Lisa Cylar Barrett, policy director for the NAACP Legal and Educational Defense Fund, said the letter was a “really critical turning point”.

She said the trick now is to stay in the game.

“It is very important that they stay involved, so it can’t just be – make a statement and disappear,” she told NBC News. “We have to see this to the end.”

Ufot said she was excited about the momentum, but said it was not enough. Georgia’s law is still in effect.

“We don’t feel like we’ve won yet,” she said. “Symbols are important, but how does that prevent us from going to jail for distributing bottled water to voters in the queue?”

Republicans responded vigorously to the newfound candor of corporations. In Georgia, the state council immediately decided to revoke a tax credit that the legislature granted to Delta.

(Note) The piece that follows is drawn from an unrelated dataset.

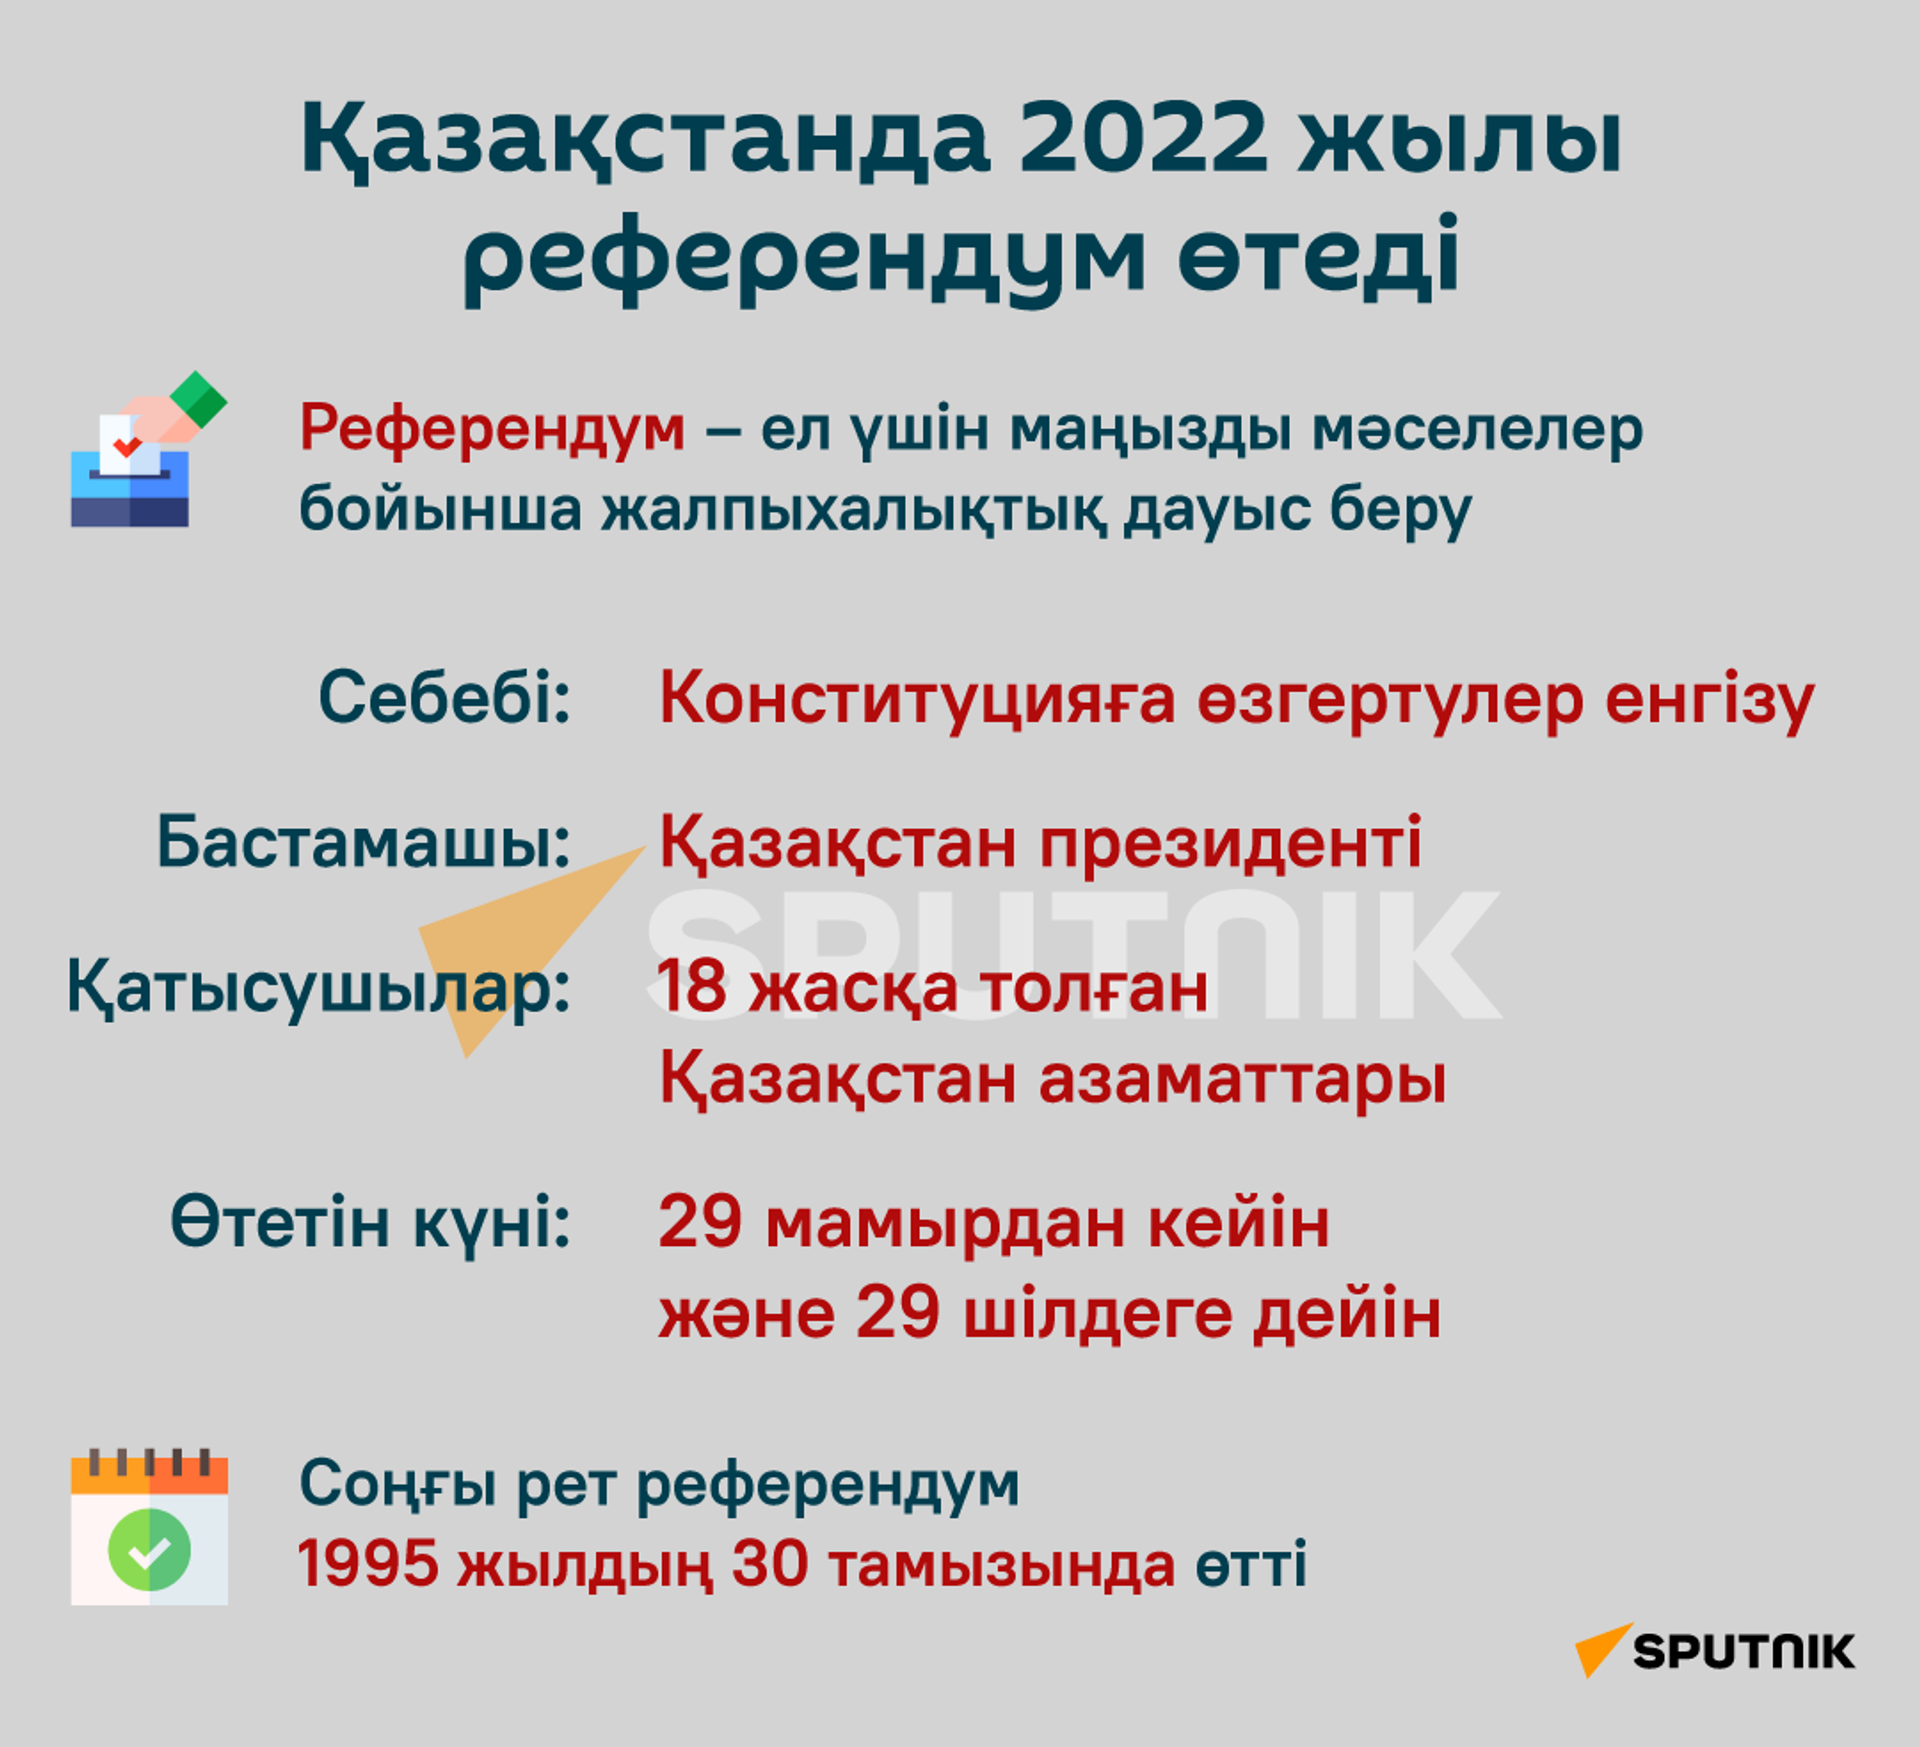 Қазақстанда 2022 жылы референдум өтеді  - Sputnik Қазақстан, 1920, 30.04.2022

“You don’t feed a dog that bites your hand. You have to keep that in mind at times, “said Georgia Republican State House Speaker David Ralston, according to the Atlanta Journal-Constitution. (The effort died in the state Senate).

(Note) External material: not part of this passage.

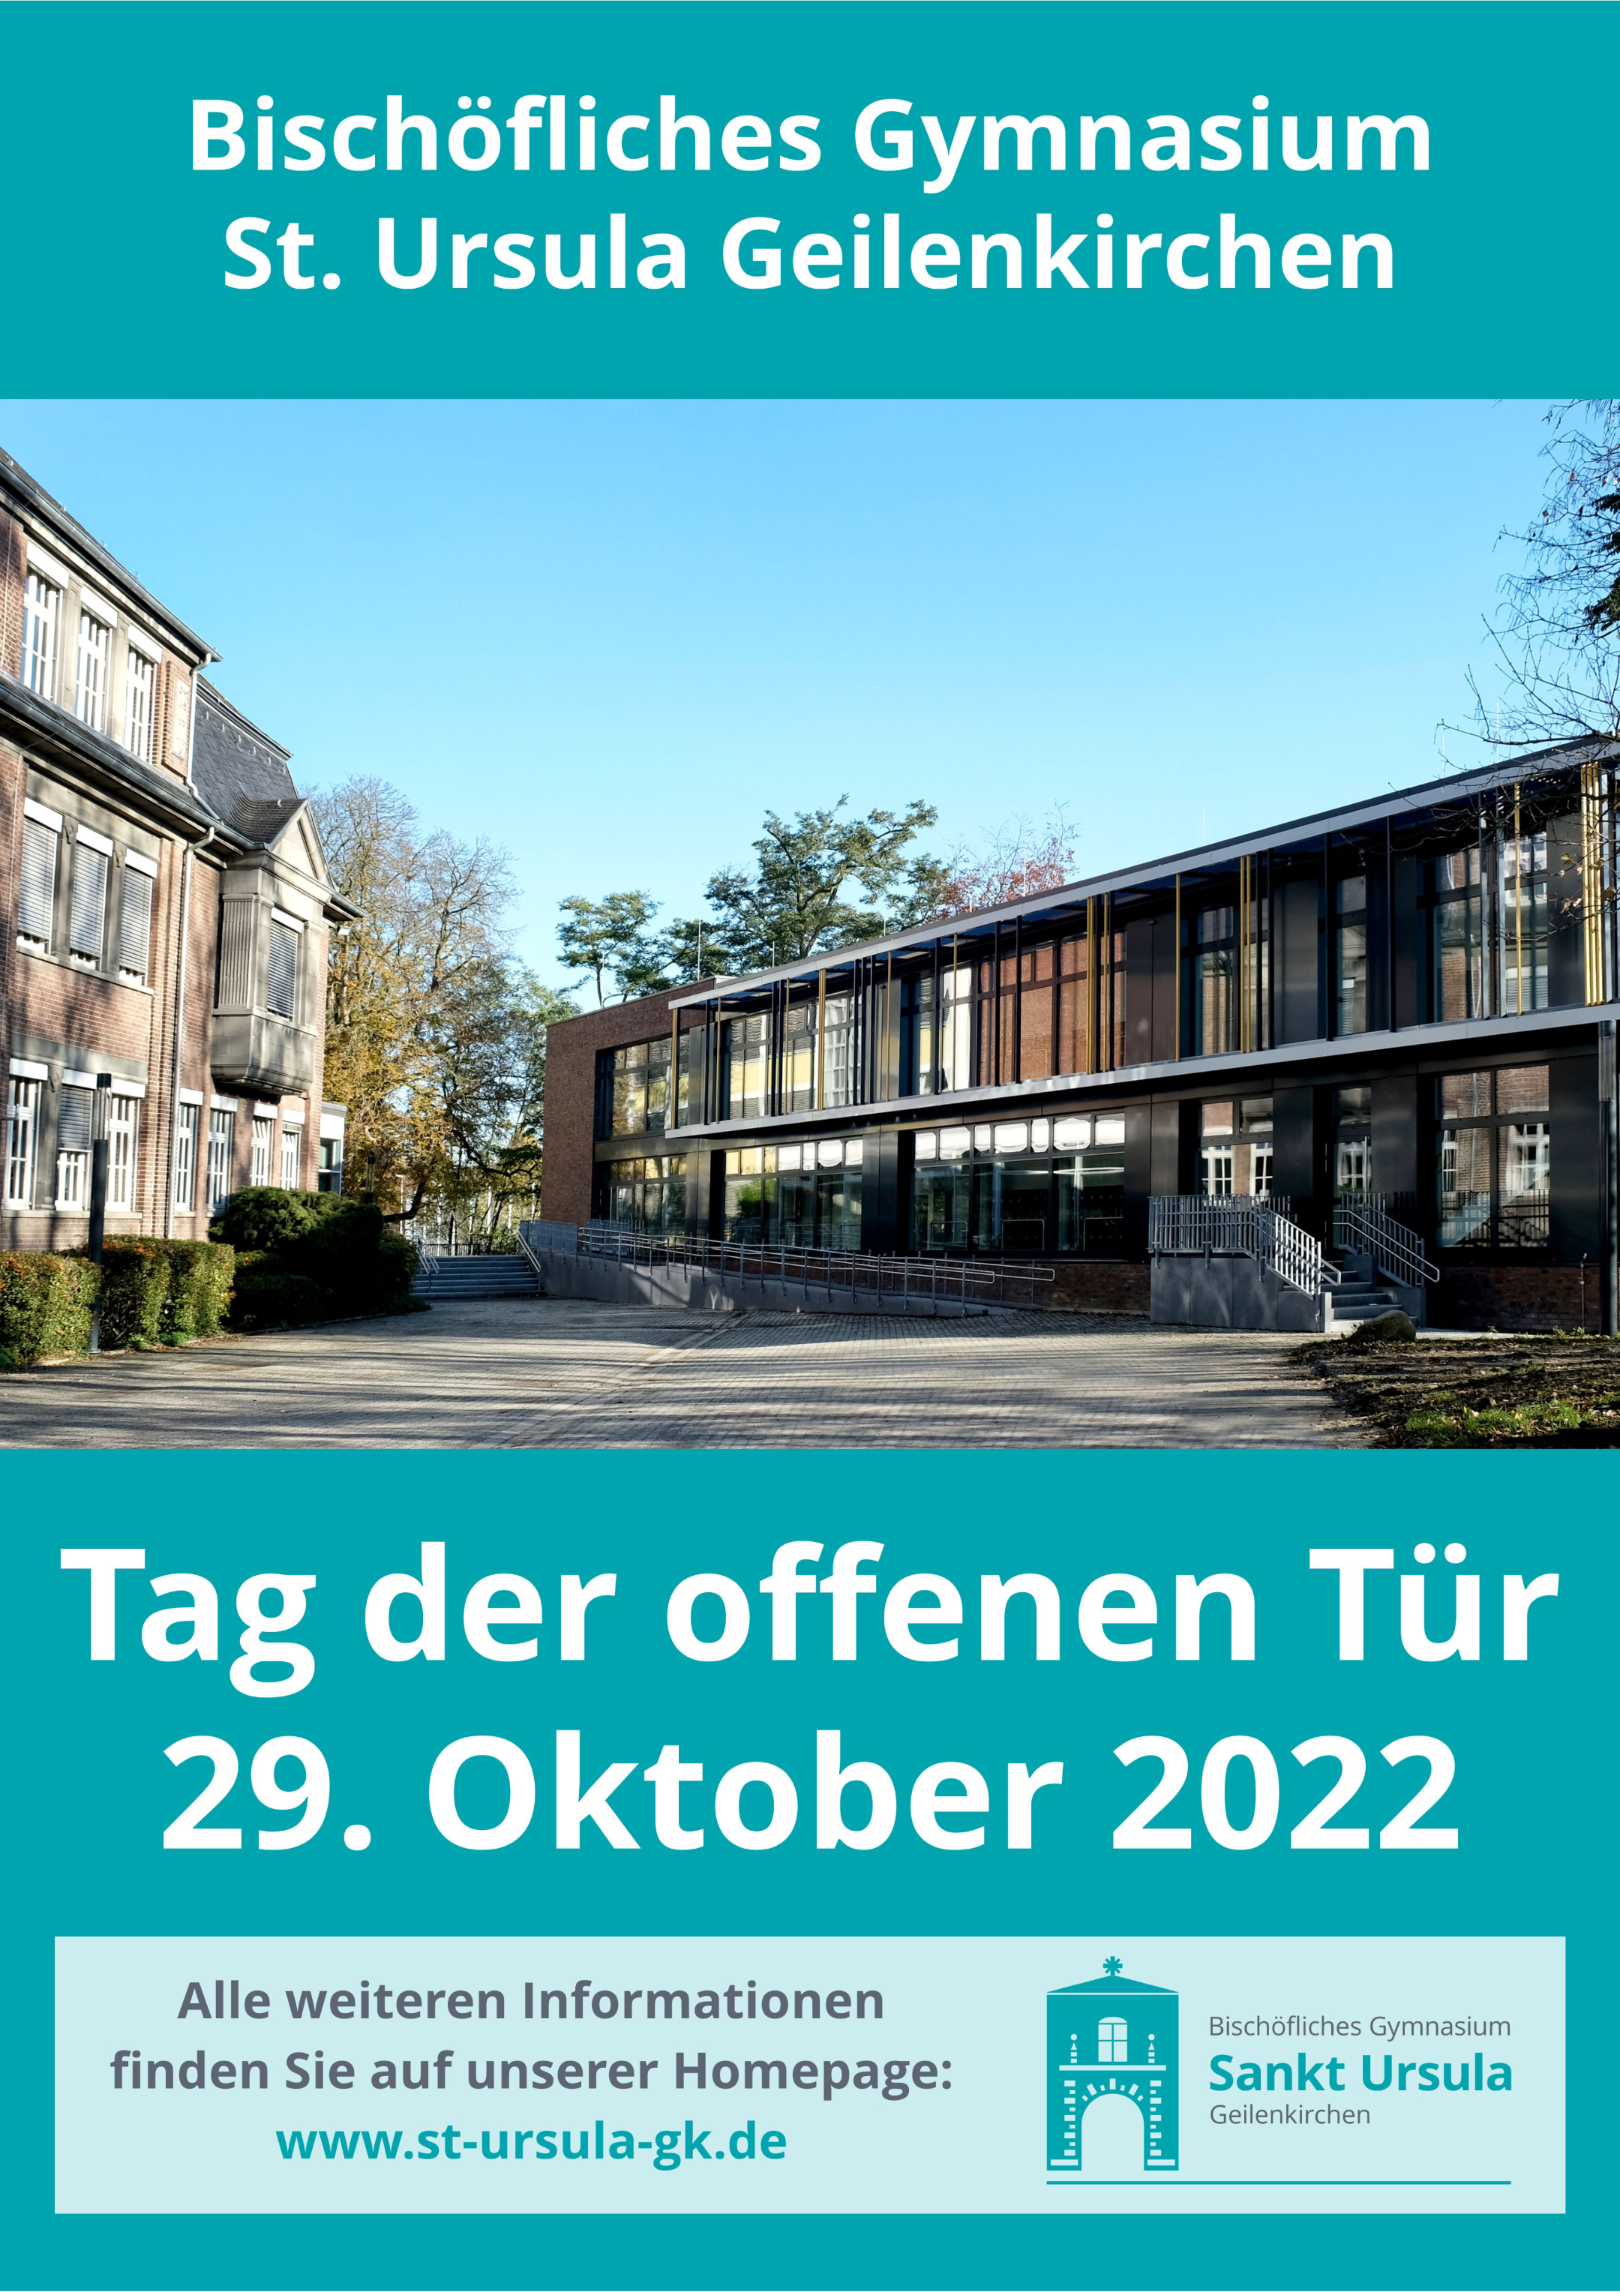 Tag der offenen Tür 2022 (c) Bischöfliches Gymnasium St. Ursula Geilenkirchen

Elsewhere, Republicans have criticized their electoral policies as the most recent issue in the so-called cultural wars.

“Cancel culture and awaken political activists in all aspects of your life, including sports,” Republican Governor Brian Kemp said in a statement on Friday after the Major League Baseball announced it would change the All-Star Game of Atlanta in protest against state law.

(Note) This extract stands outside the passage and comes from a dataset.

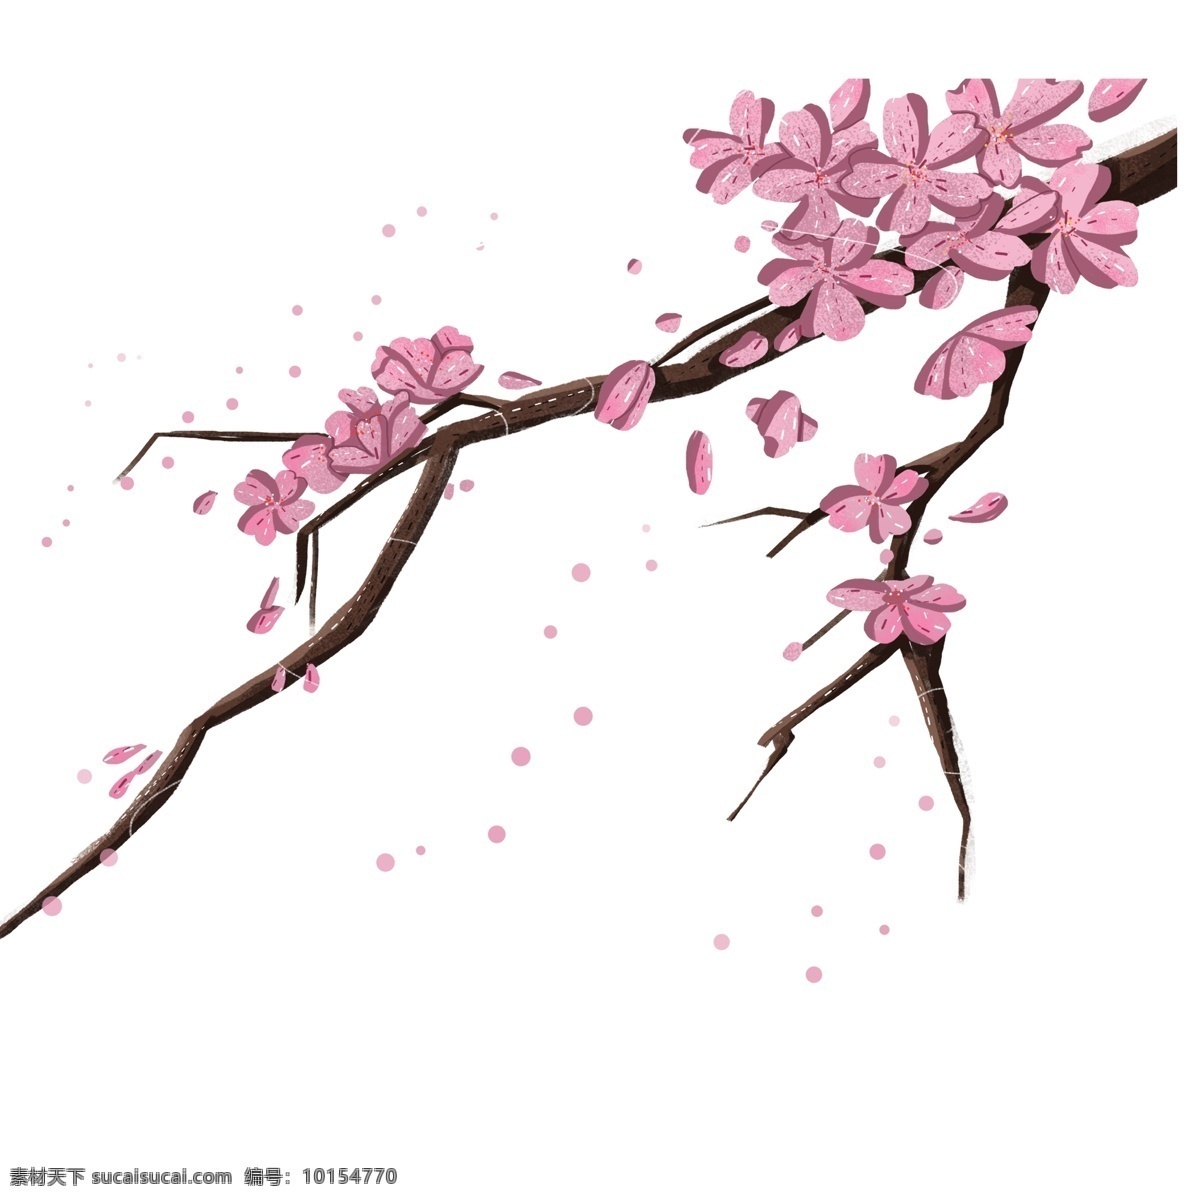 中国 风 梅花 树枝 中国风 唯美 插画 花瓣 优美 粉色 植物设计

Texas Lieutenant Governor Dan Patrick, a Republican, tried to link this to the ongoing legislative struggles over transgender student participation in sports across the country and also in Texas.

“Texans are fed up with companies that don’t share our values ​​trying to dictate public policy,” he said in a statement.

Alex Keyssar, a professor at Harvard Kennedy School, author of the book “The Right to Vote: The Contested History of Democracy in the United States”, said he saw companies mobilize around LGBTQ rights, but never around voting rights.

“What makes this complicated is that, in this case, it is not just the question. It is the fact that these laws are being justified in the name of the ‘Big Lie’ and, therefore, it is a repudiation of the Republican Party as it exists today ”. he said, referring to how Democrats described Trump’s stolen electoral lie.

Dale Ho, director of the American Civil Liberties Union’s Voting Rights Project, said the actions were indicative of much greater change.

“It is a good and a bad sign. It is a good sign that the right to vote is gaining the kind of visibility as an issue that I think has been deserved for a long time – so, years ago, when I worked in this space, I couldn’t let people think about it, “he said in an interview on Friday. “The fact that everything is happening is a bad sign, because it means that the right to vote is an important part of cultural wars.”

Historian Michael Beschloss, meanwhile, said the political wave of the week fits perfectly into the country’s civil rights history and pointed to Martin Luther King Jr.’s final speech, given on April 3, 53 years ago.

In it, King promises to use boycotts and corporate power to fight for justice, targeting companies like Coca-Cola and Wonder Bread as targets and arguing that these companies need to get involved in an ongoing union strike.

“I don’t see how anyone can say that this is radical or is not in keeping with American tradition,” said Beschloss of the corporations that responded to calls to stay away from the issue of voting. “This tool is an old tool in American history.”